→ **Exercise prompt**: Given the records below, the lines starting at the line with "Reusable Organic Cotton Produce Bags 4 bags" and ending at the line with "The Same Sydney" should be output exactly, both end lines kept and pictures left out.

→ **The records**:
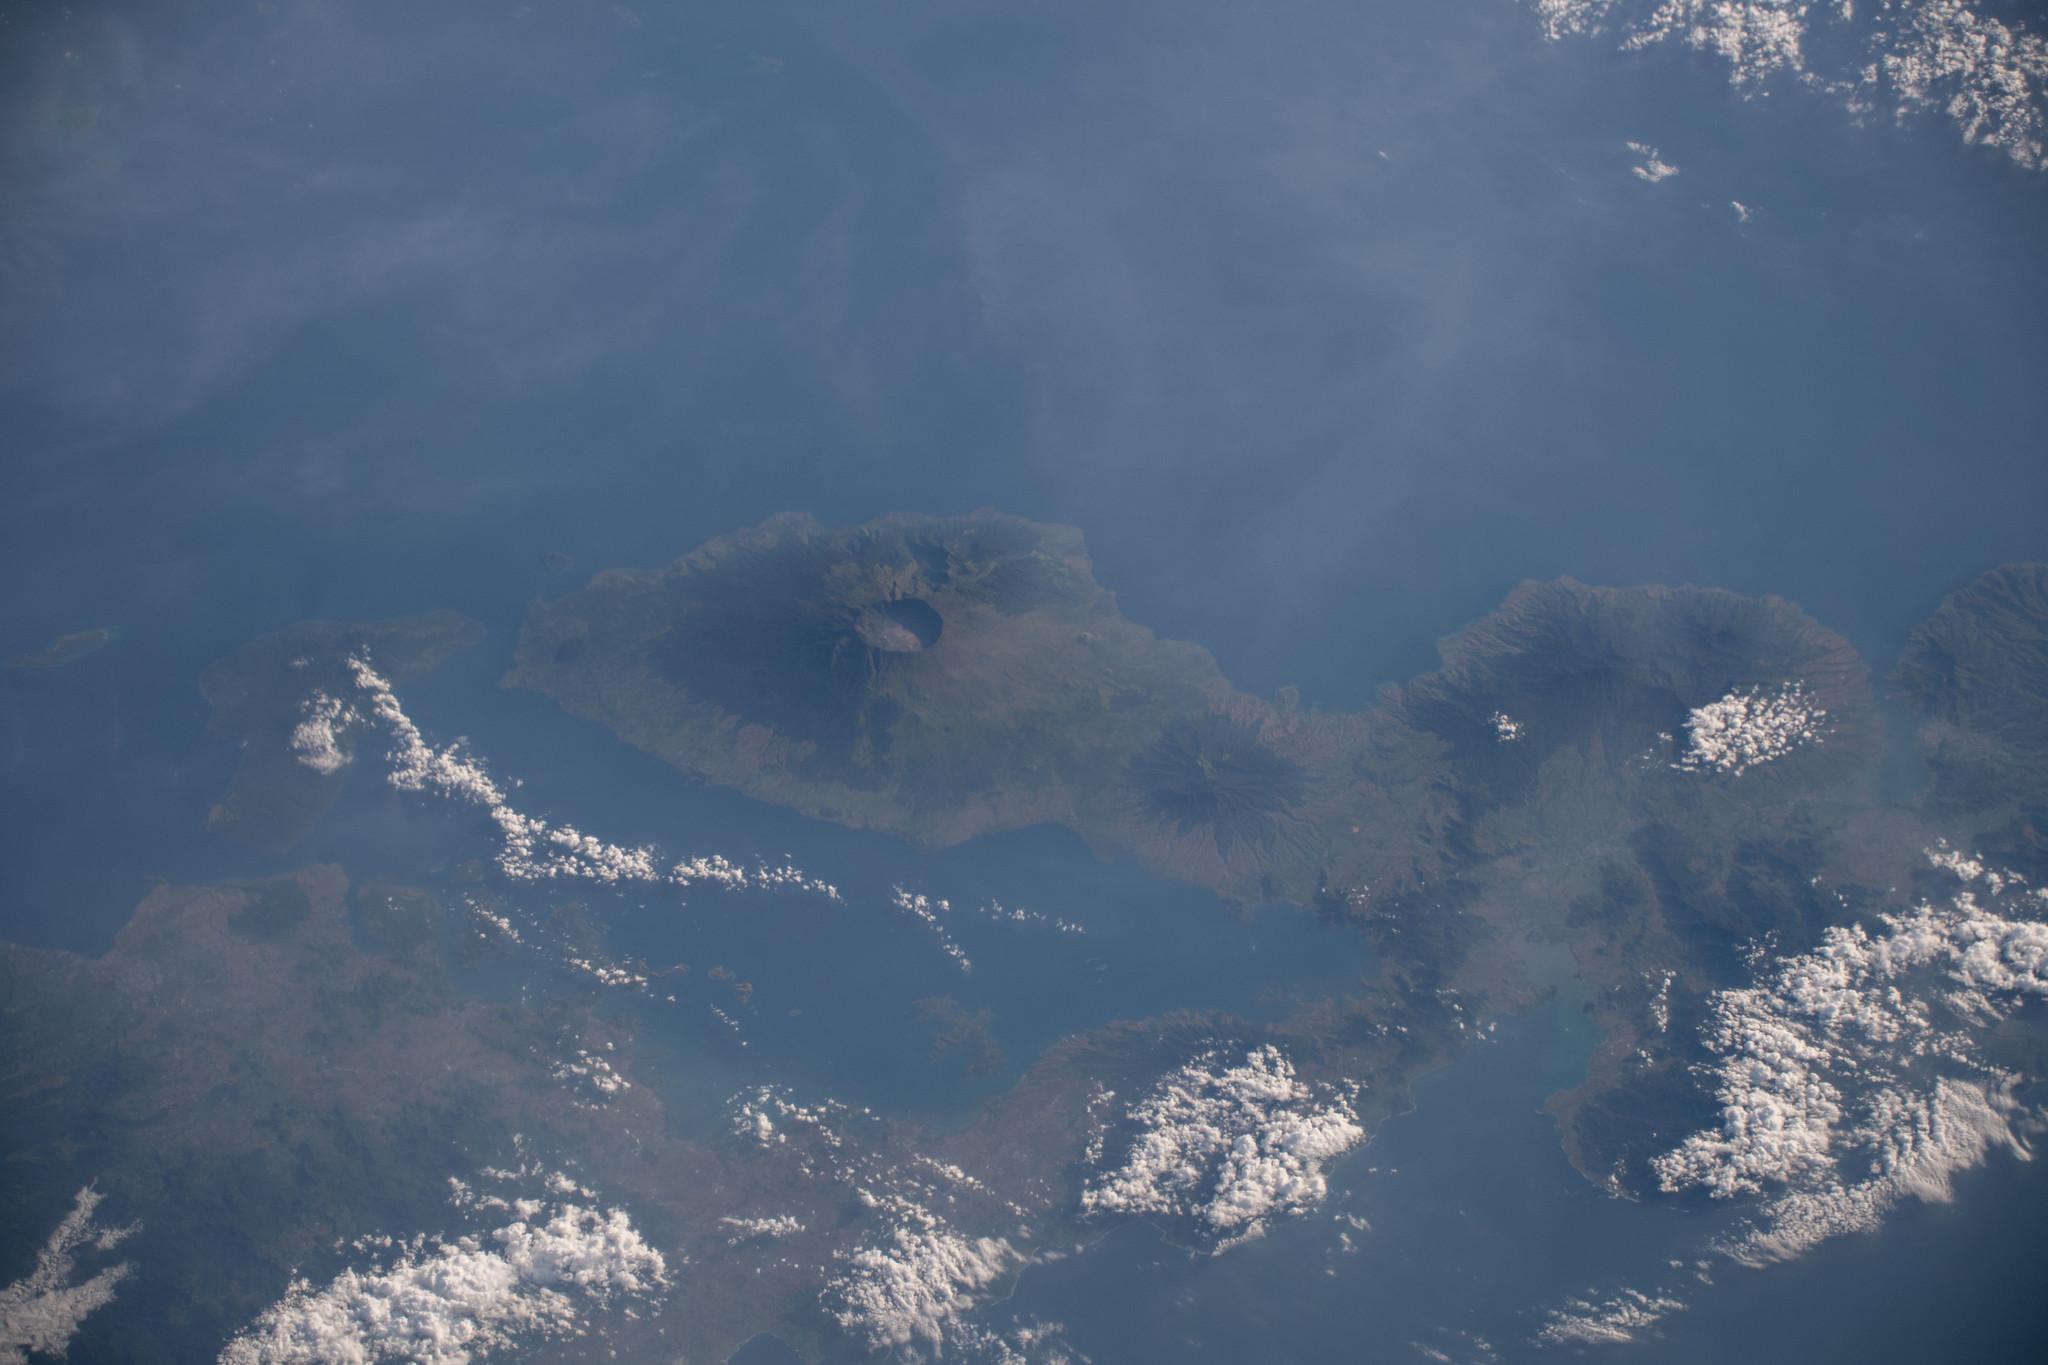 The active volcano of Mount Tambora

...

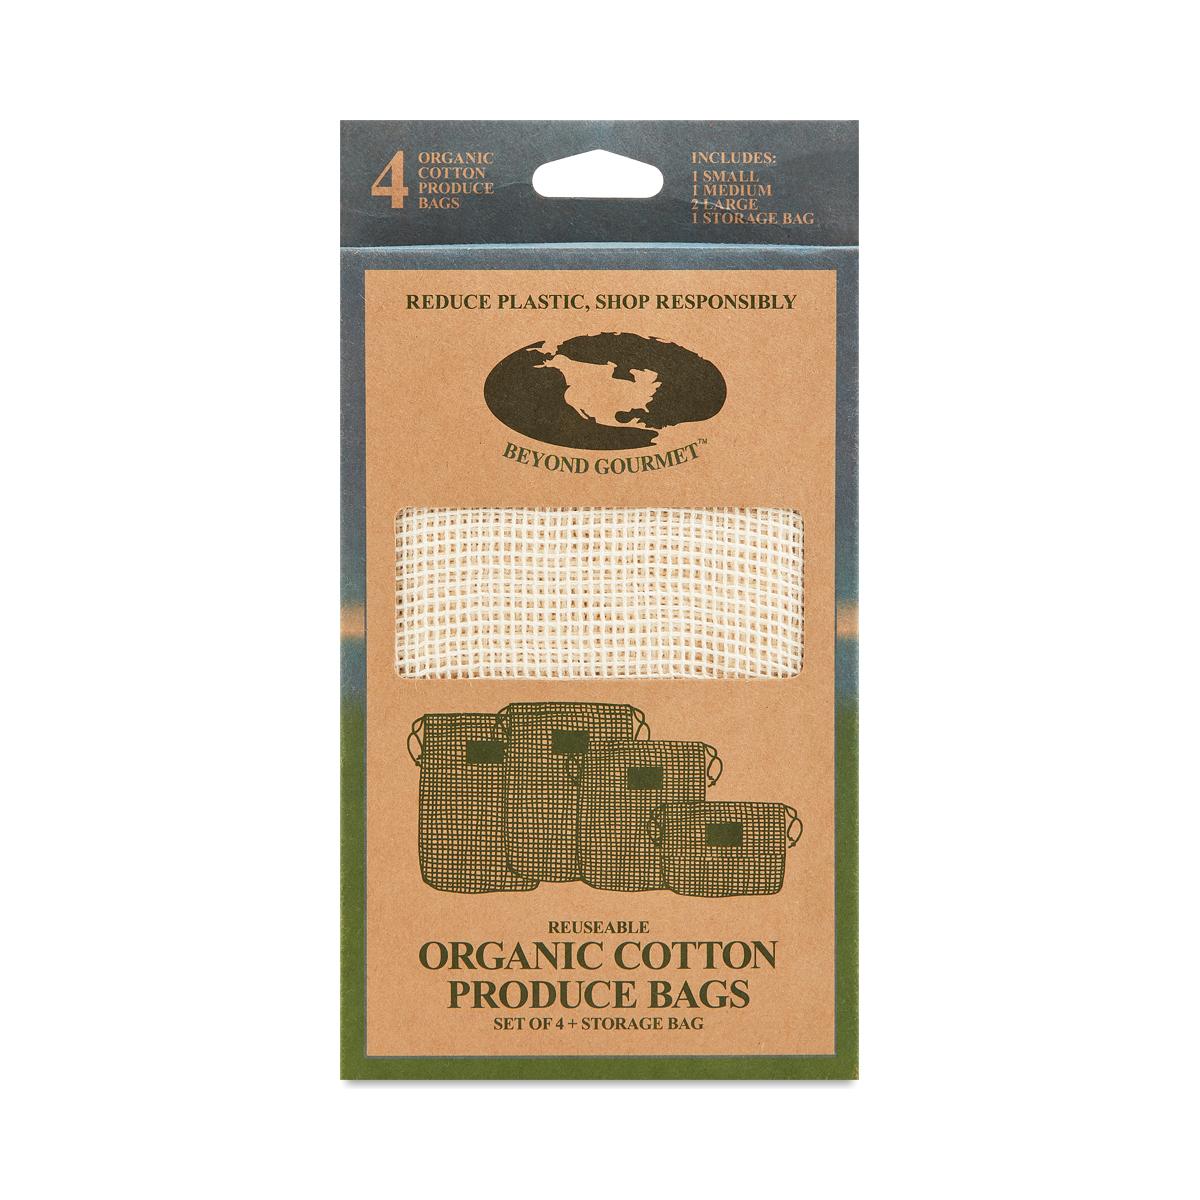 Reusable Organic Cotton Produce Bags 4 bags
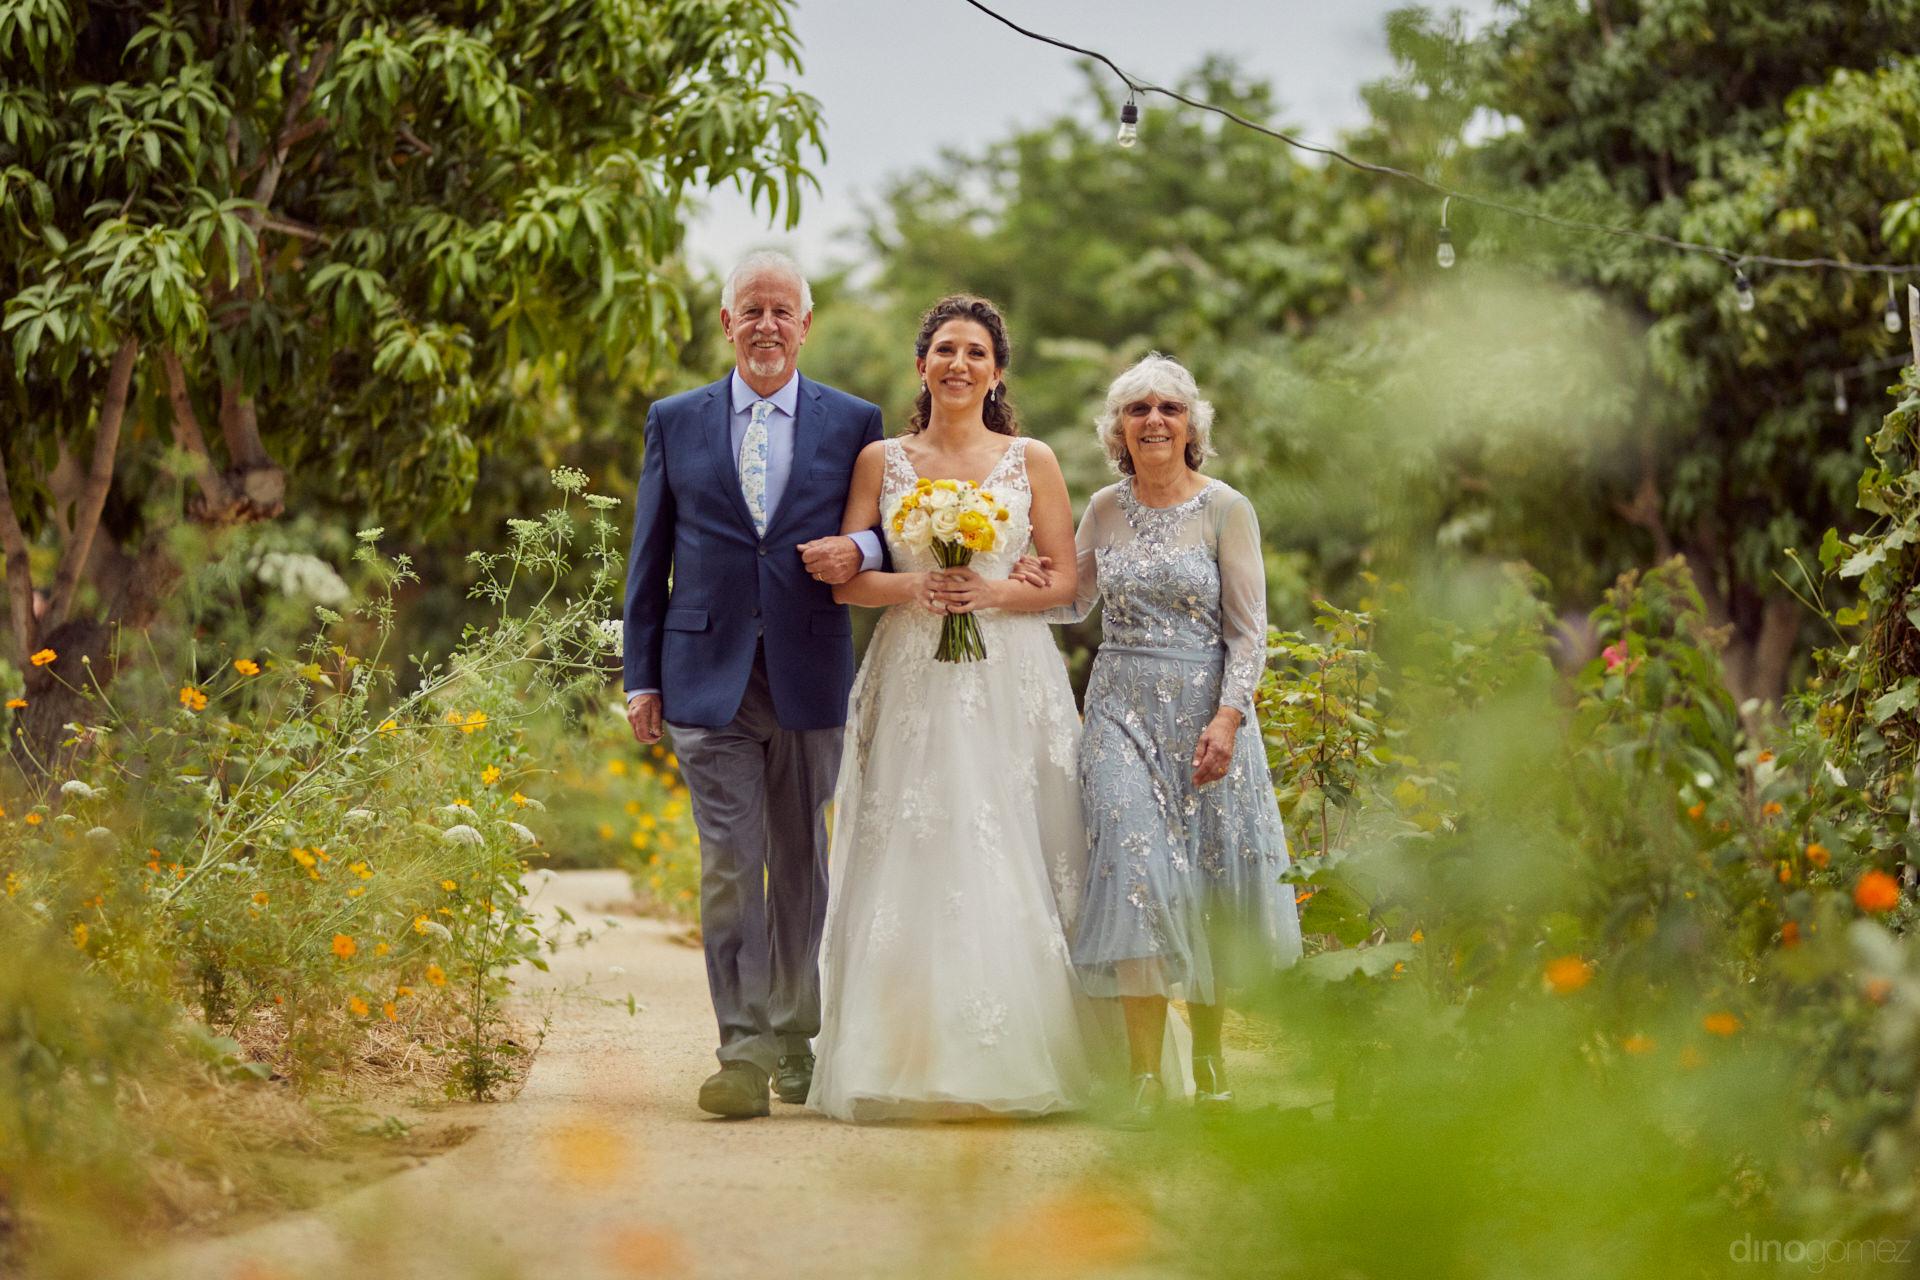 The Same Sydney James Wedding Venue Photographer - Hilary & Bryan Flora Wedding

→ **Exercise result**:
 Reusable Organic Cotton Produce Bags 4 bags
 The Same Sydney James Wedding Venue Photographer - Hilary & Bryan Flora Wedding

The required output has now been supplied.